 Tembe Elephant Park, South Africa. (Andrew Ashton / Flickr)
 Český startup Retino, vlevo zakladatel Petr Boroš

* * *

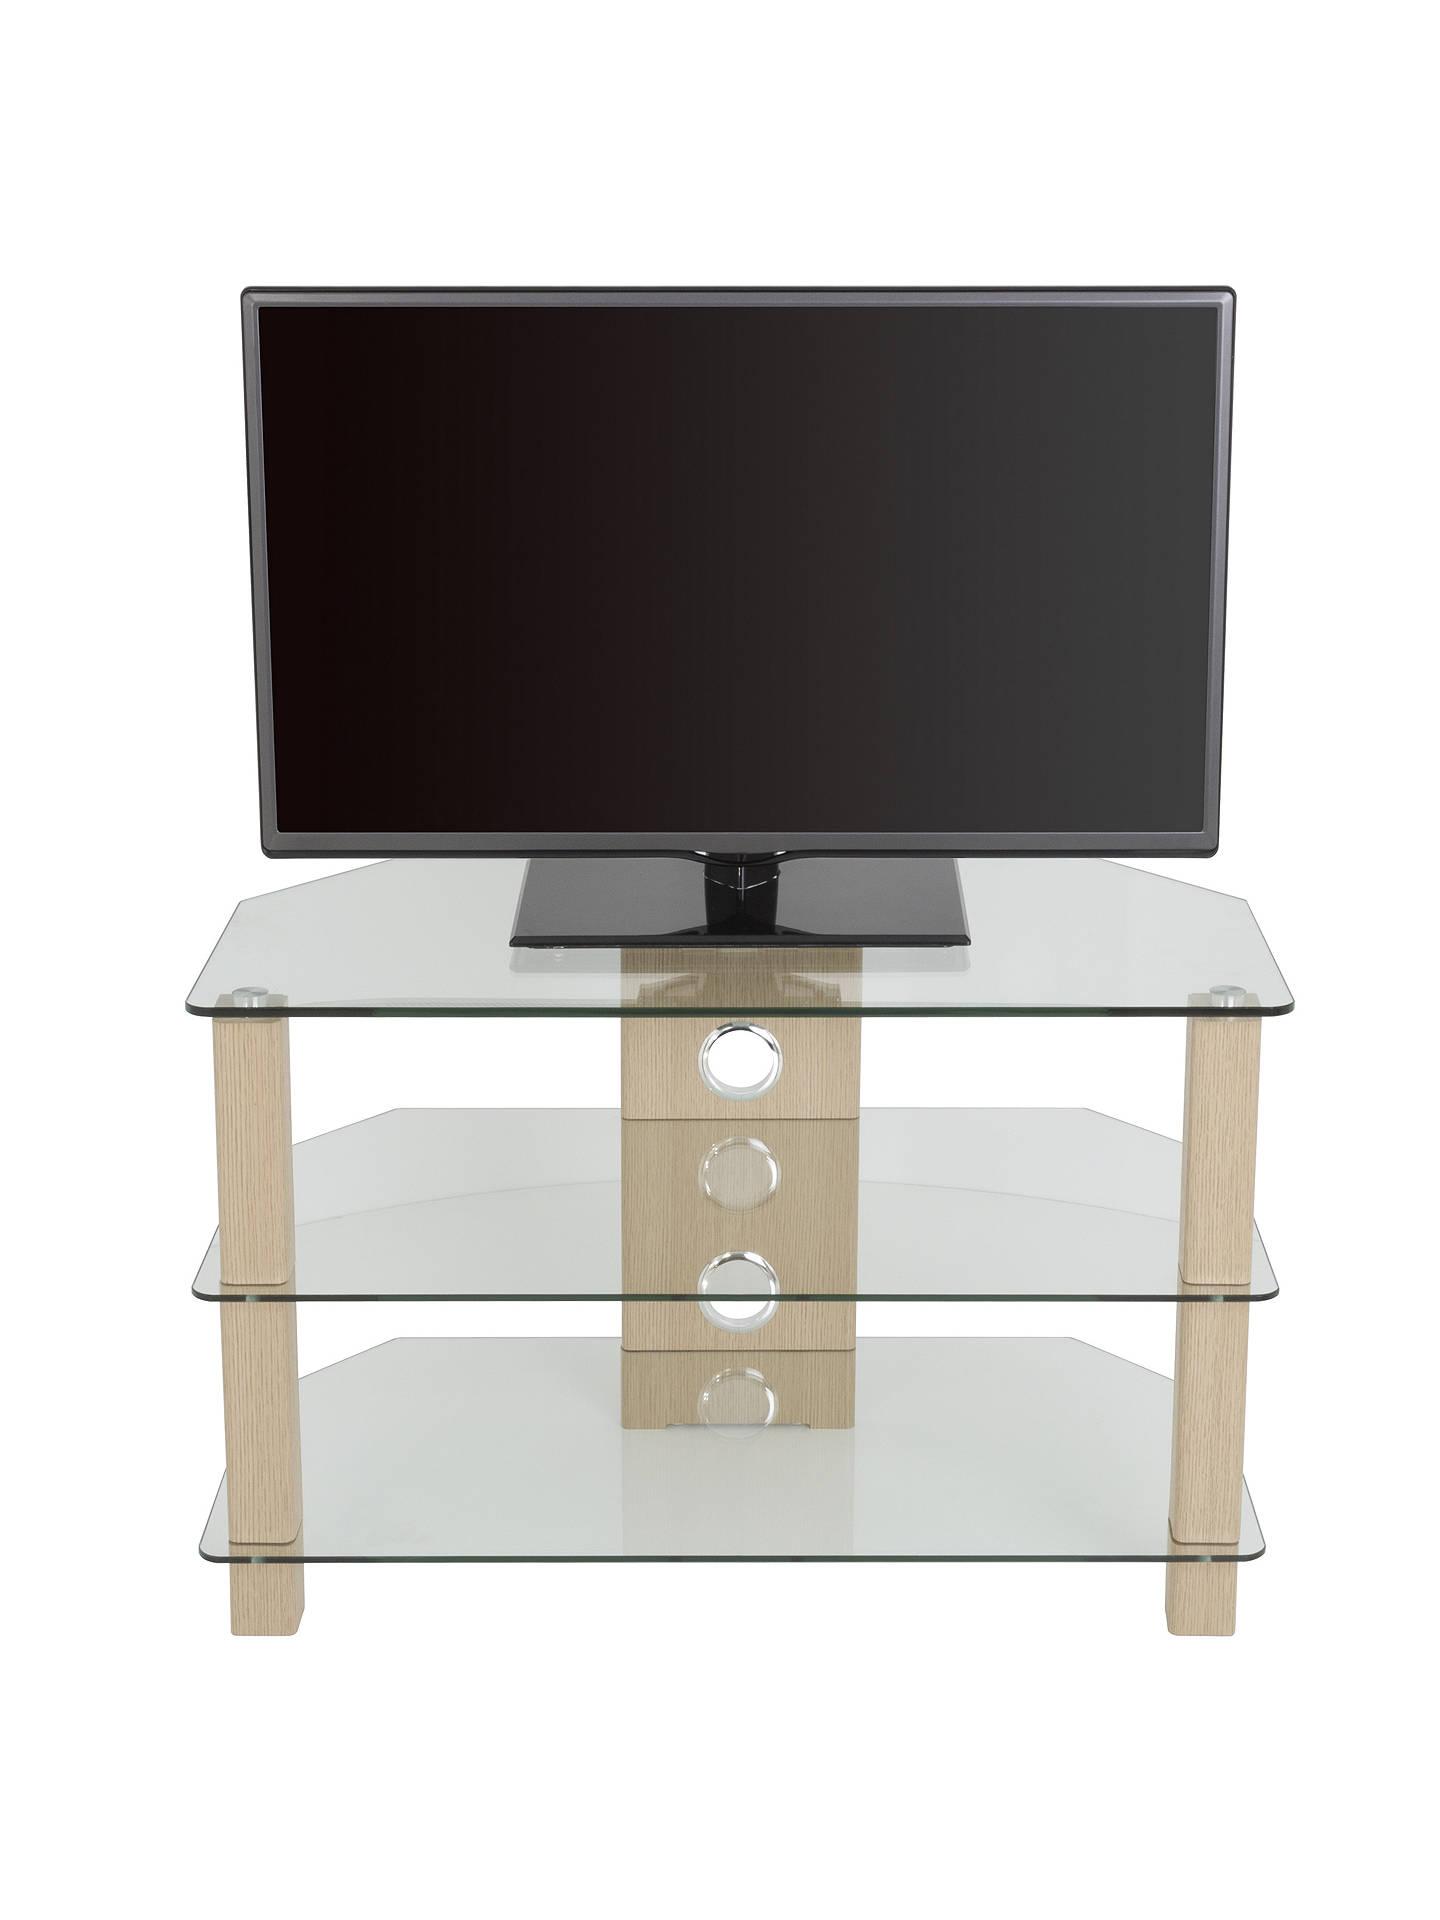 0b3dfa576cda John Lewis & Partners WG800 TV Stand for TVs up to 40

---

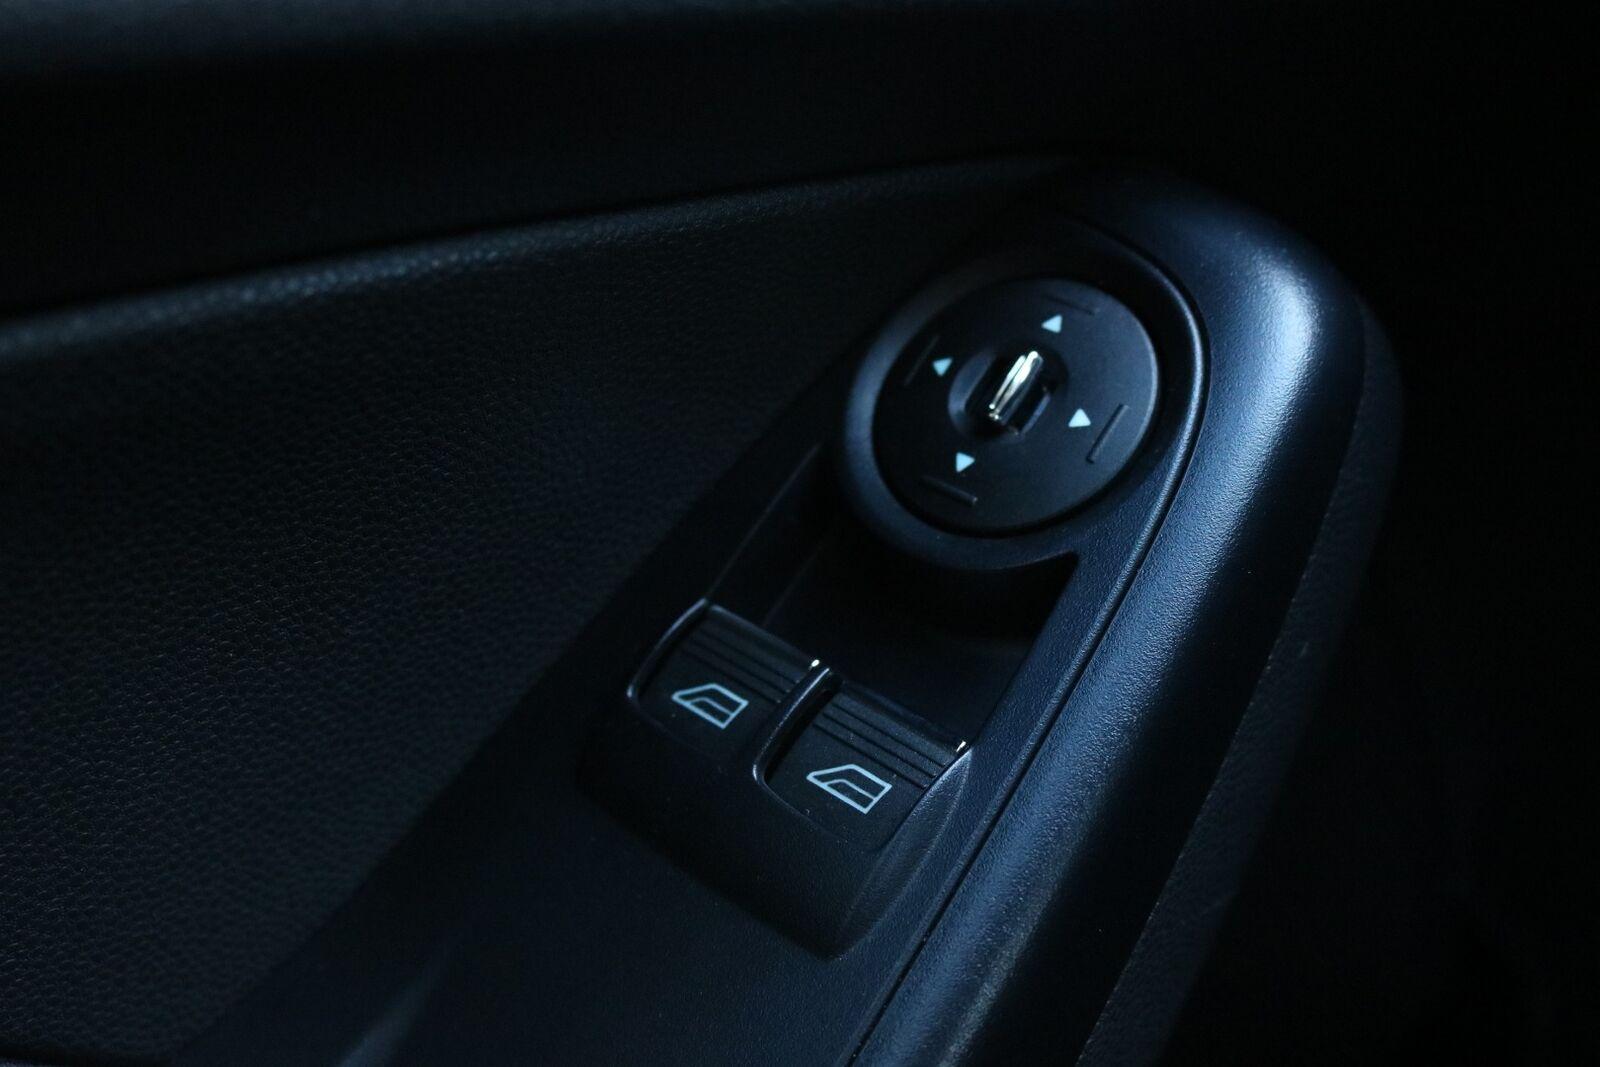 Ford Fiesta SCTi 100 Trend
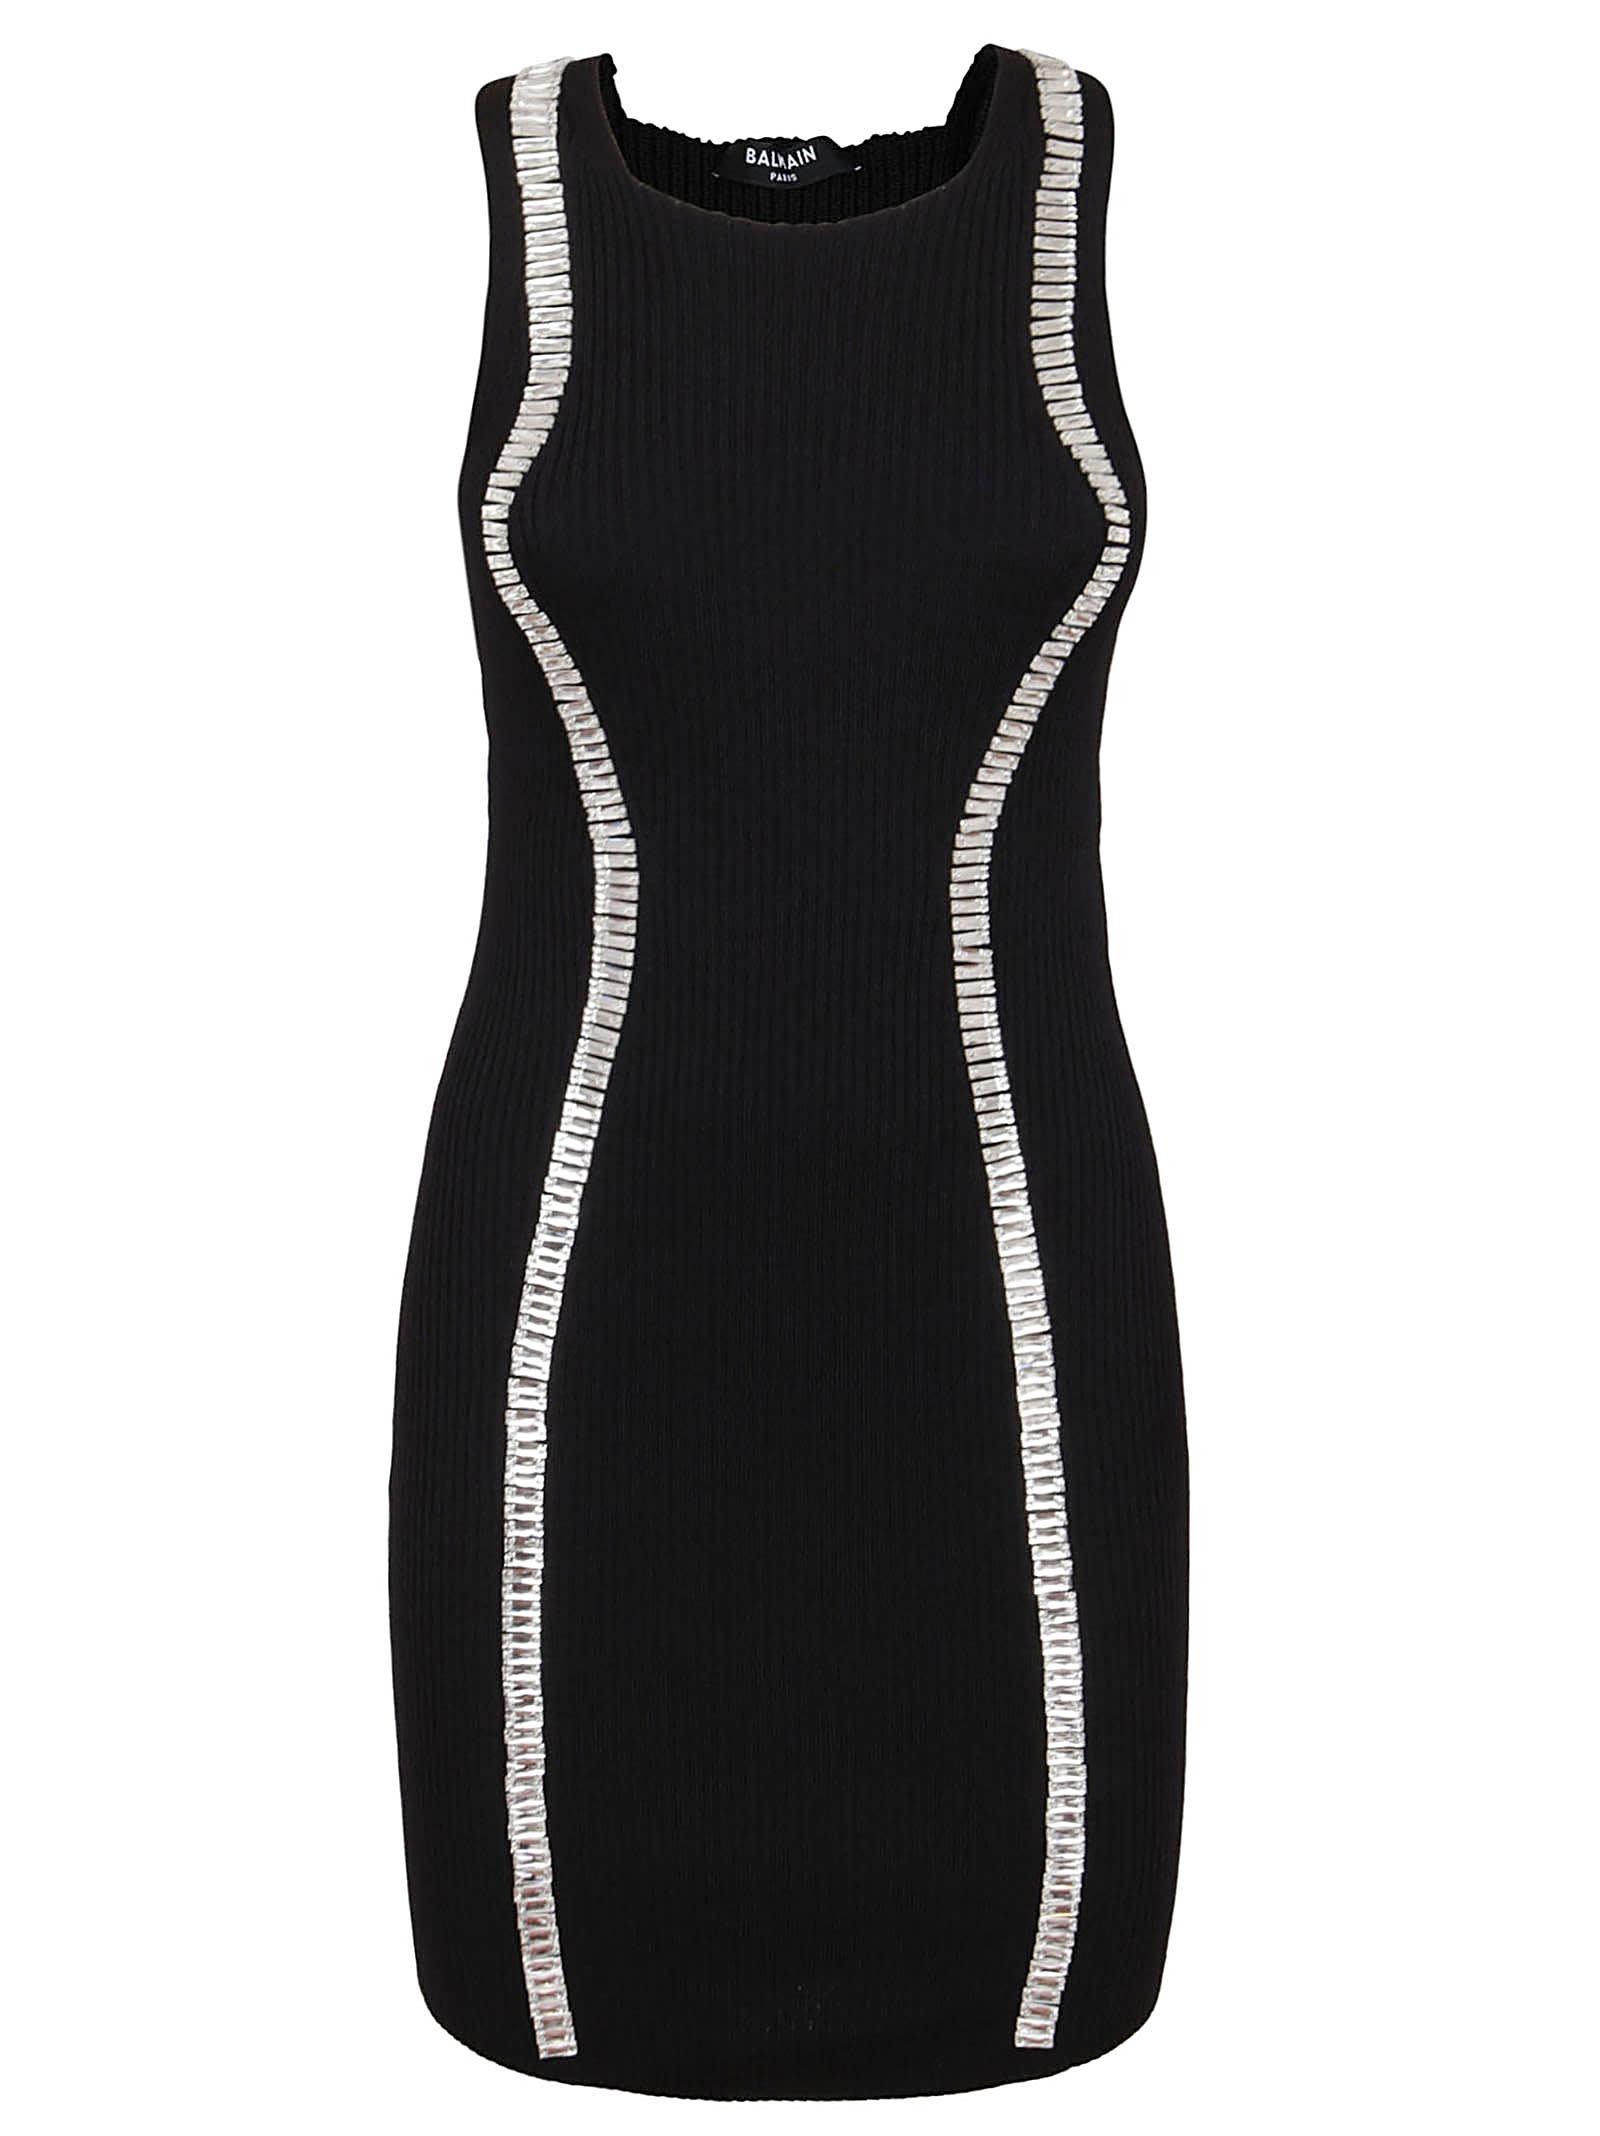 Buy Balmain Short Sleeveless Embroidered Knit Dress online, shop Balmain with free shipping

### Work request
Taking the listing above as the source, transcribe only the lines starting at the line with "Tembe Elephant Park, South" and going through the line with "Český startup Retino, vlevo", unaltered and with both ends included.

### Output for this exercise
 Tembe Elephant Park, South Africa. (Andrew Ashton / Flickr)
 Český startup Retino, vlevo zakladatel Petr Boroš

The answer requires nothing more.